Erixon Elsa, Högstorp Herman, Wadin Karin, Rask-Andersen Helge
Department of Otorhinolaryngology, University of Uppsala, Uppsala, Sweden.
Otol Neurotol. 2009 Jan;30(1):14-22. doi: 10.1097/MAO.0b013e31818a08e8.
To study variations in human cochlea anatomy with potential implications for cochlear implantation surgery.
A comprehension of the anatomic variations of the human cochlea is essential for understanding the degree of surgical trauma induced by inserting various electrode arrays in cochlear implantation surgery. Variations in anatomy may also limit the potential for performing hearing preservation.
We studied 73 archival, nonselected, adult, corrosion casts of human inner ears. Anatomic reference points were constructed from photographic reproductions taken at different angles, and various dimensions were assessed using planimetry. Anatomic variants with particular clinical/surgical interests were pinpointed.

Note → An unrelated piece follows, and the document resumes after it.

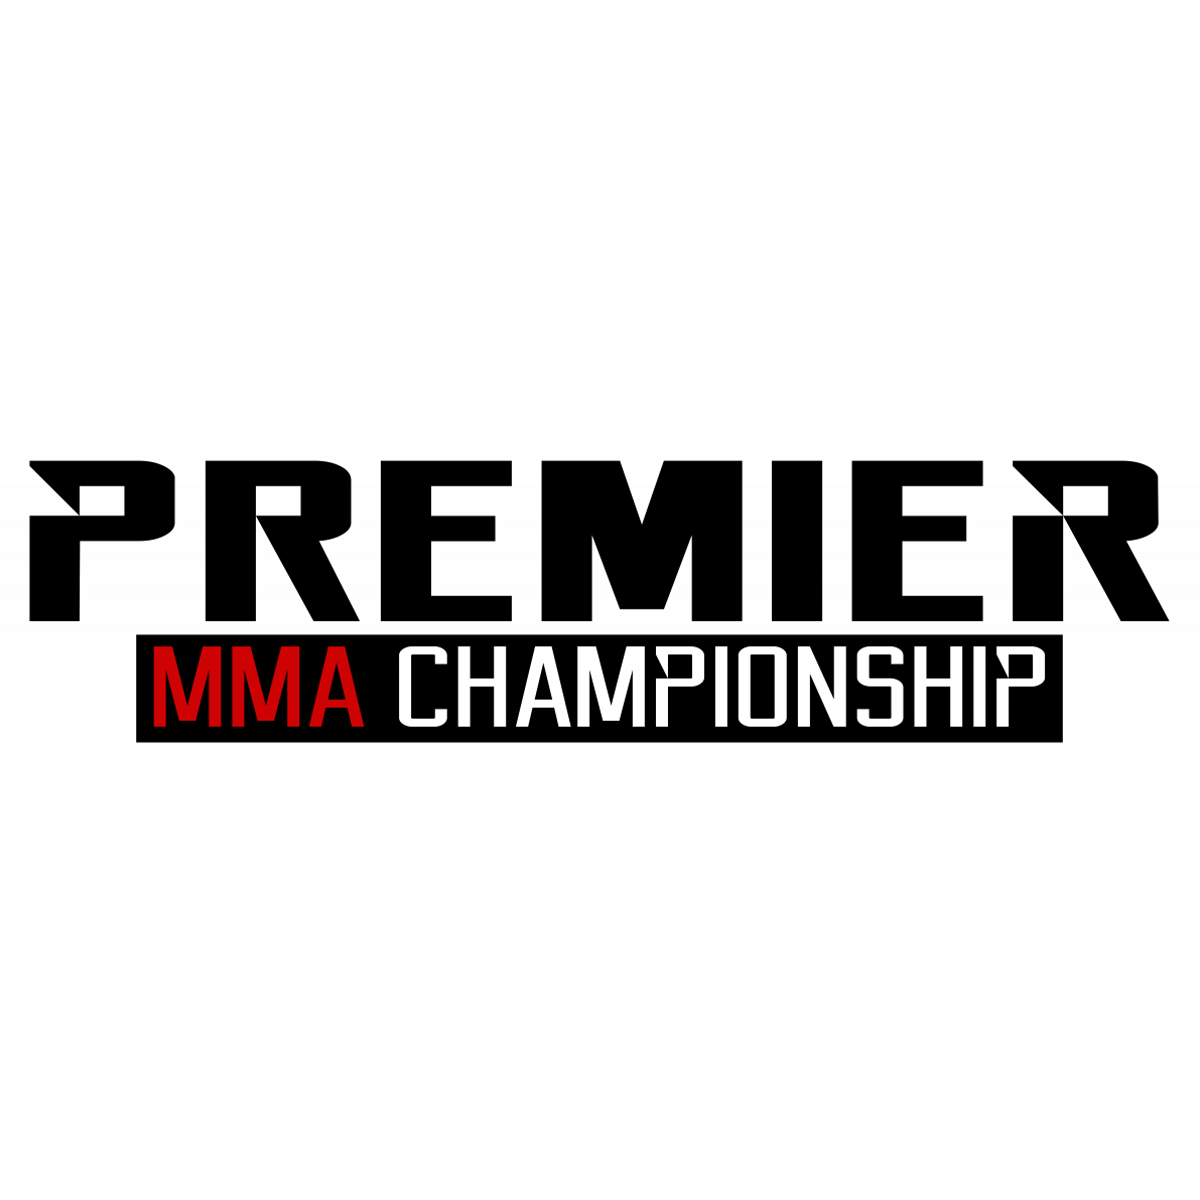 Premier MMA Championship

Results showed that the human cochlea is individually shaped, varying greatly in dimensions ("fingerprint"). The outer cochlear wall length ranged from 38.6 to 45.6 mm with a mean length of 42.0 mm. The first turn represented 53% of the total length and ranged from 20.3 to 24.3 mm. The number of quadrants varied from slightly more than 8 to 12. The facial nerve canal ran in close proximity to the upper first turn explaining facial nerve excitement during stimulation of electrodes in this region in some instances. The internal diameter (height) of the cochlear tube in the first turn varied broadly (1.6-2.6 mm), occasionally with limited space for conventional implants.

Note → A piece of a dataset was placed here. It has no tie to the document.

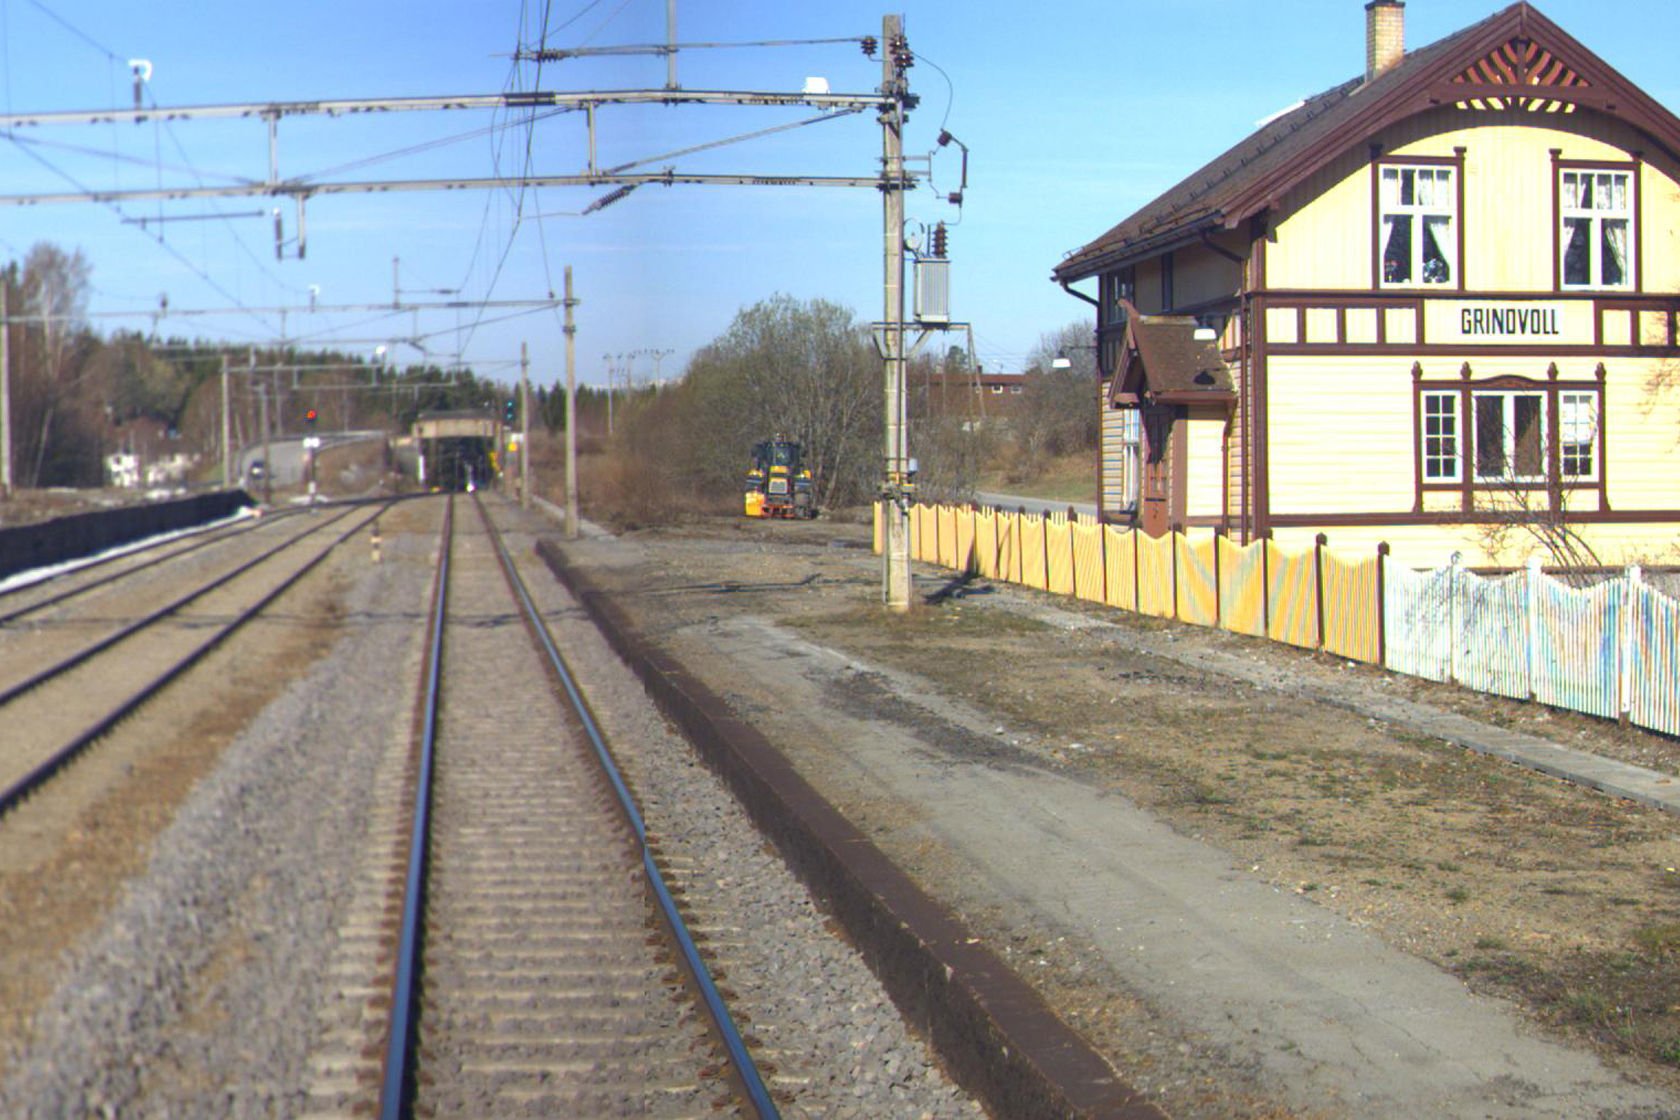 Tracks and station building at Grindvoll station

The human cochlea exhibits extensive anatomic variations. These variations will influence the location of cochlear implant arrays and affect the potential of hearing preservation surgery. Our results may explain the surgeon's difficulties sometimes to insert electrode arrays even in so-called "normal" cochleae.
研究人类耳蜗解剖结构的变异及其对人工耳蜗植入手术的潜在影响。
了解人类耳蜗的解剖变异对于理解人工耳蜗植入手术中插入各种电极阵列所引起的手术创伤程度至关重要。解剖结构的变异也可能限制听力保留的可能性。

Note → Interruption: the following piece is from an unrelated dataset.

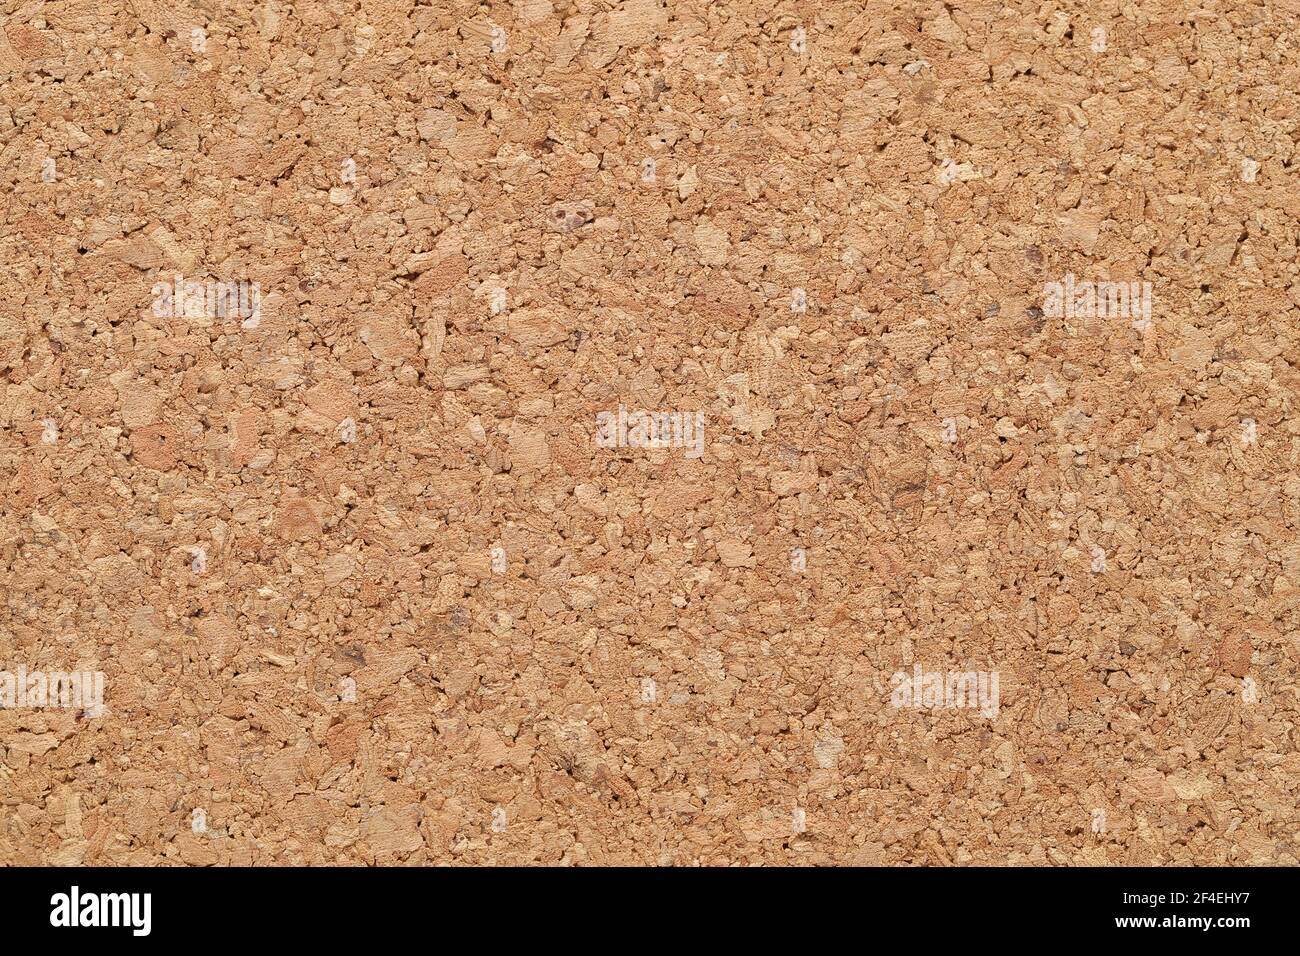 Empty blank cork board or bulletin board. Close up of corkboard texture Stock Photo

我们研究了73个存档的、未经过筛选的成人人类内耳腐蚀铸型。通过从不同角度拍摄的照片复制品构建解剖参考点,并使用平面测量法评估各种尺寸。确定了具有特殊临床/手术意义的解剖变异。
结果表明,人类耳蜗具有个体形状,尺寸差异很大(“指纹”)。耳蜗外壁长度范围为38.6至45.6毫米,平均长度为42.0毫米。第一圈占总长度的53%,范围为20.3至24.3毫米。象限数量从略多于8个到12个不等。面神经管紧邻上第一圈,这解释了在某些情况下,该区域电极刺激时面神经兴奋的原因。第一圈耳蜗管的内径(高度)变化很大(1.6 - 2.6毫米),传统植入物的空间偶尔有限。
人类耳蜗表现出广泛的解剖变异。这些变异将影响人工耳蜗阵列的位置,并影响听力保留手术的可能性。我们的结果可能解释了外科医生有时即使在所谓“正常”耳蜗中插入电极阵列也会遇到困难的原因。